In 1989, Martha Rosler organized “If You Lived Here…,” a major multi-part project on homelessness and housing at the Dia Art Foundation. The cycle of three exhibitions placed film, video, photo and poster works alongside graphs, charts, billboards and hand-painted slogans-such as the infamous Ed Koch quip, “If you can’t afford to live here, mo-o-ve!” More significantly, Rosler planned an extensive series of public events ranging from Town Hall meetings to poetry readings.
Twenty years on, the project remains a touchstone for art that engages social activism and discursive formats. e-flux is currently hosting Rosler’s archive project “If You Lived Here Still….”: a selection of documents, photographs, videos and slideshows that reveal the original project’s extensive organizational armature and bring it up to the present through images from subsequent presentations and a wall of material from current activist and advocacy groups. (LEFT: © MILA ZACHARIAS AND E-FLUX)
MEDIA FARZIN: Can you tell me about the original project, and how it happened?
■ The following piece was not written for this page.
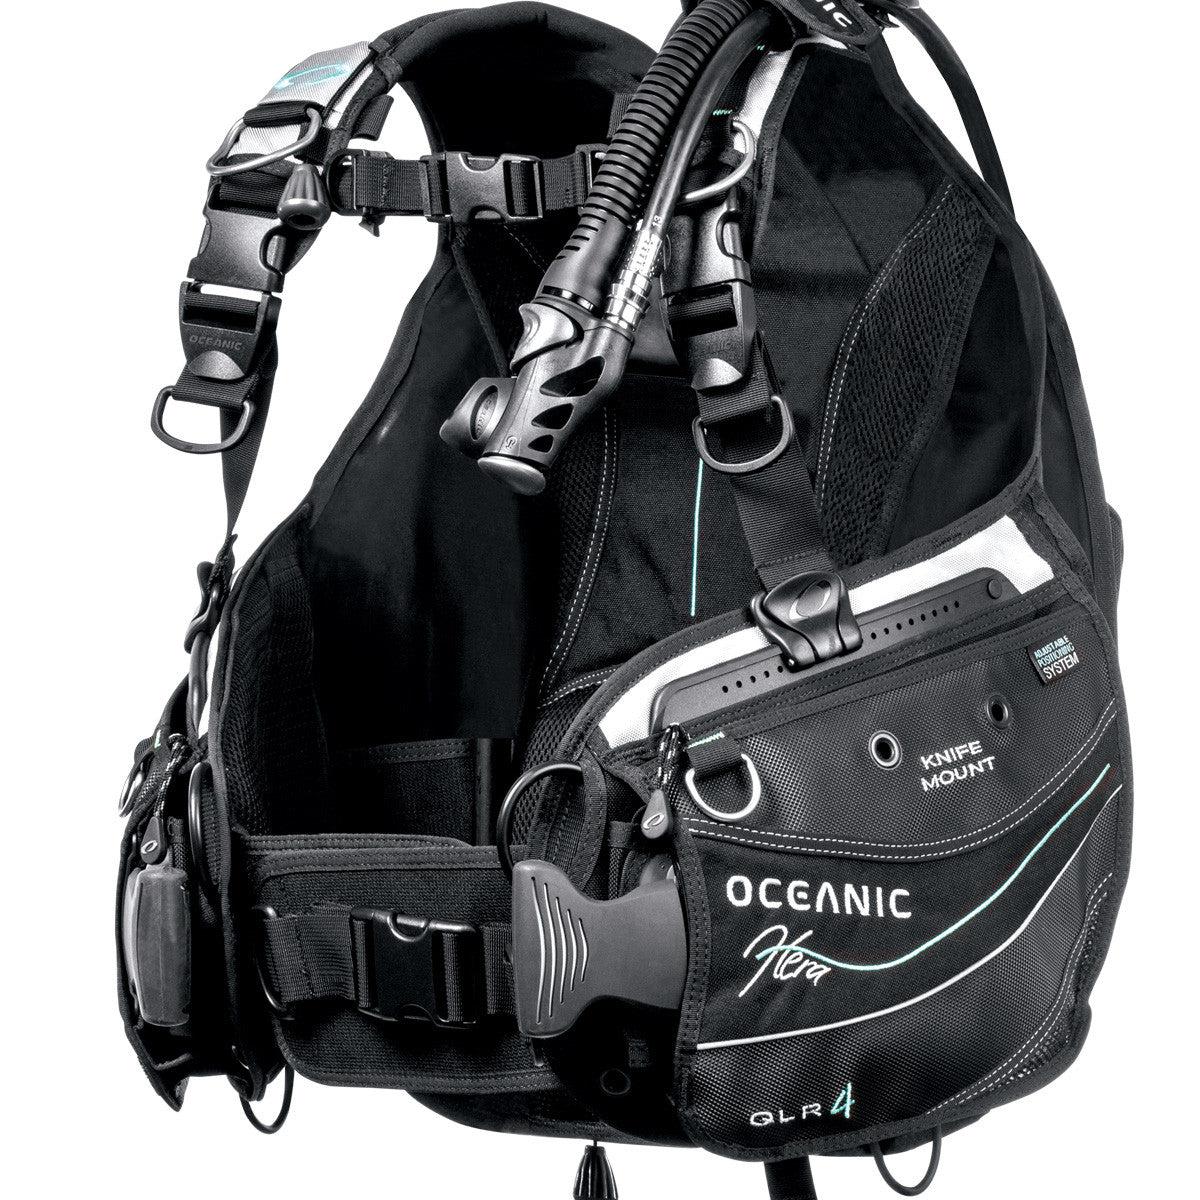 Oceanic Hera Ladies Jacket BCD w/ QLR4-SM

MARTHA ROSLER: Dia had invited me to do a solo project, and I chose homelessness as the subject. This was 1988, and homelessness, as a social fact, had suddenly appeared as if from nowhere. I gradually realized that there were many artists already working on this, so it made little sense to produce a solo work, at a venue known for encouraging, even coddling, individual geniuses. I put out a call for artists and went on a hunt for academics and activists, with [artist and urban scholar] Dan Wiley.
The project had to embed questions of homelessness in the social fabric; a show focusing on “homelessness” tout court would simply be that two-edged sword, a call for liberal guilt. What are people doing to keep their homes, what happens when they fail? We wanted to include urbanist solutions to the problem-to explore it as a complex rather than a straightforwardly obvious, negative social reality. I had one rule: no images of people lying on the ground. (The one exception turned out to be a bus poster that was part of a project-called, satirically, LA’s Official Housing Project for the Homeless-by Robbie Conal and his students at Otis Art Institute.)
FARZIN: How did this “archive project” at e-flux come to pass?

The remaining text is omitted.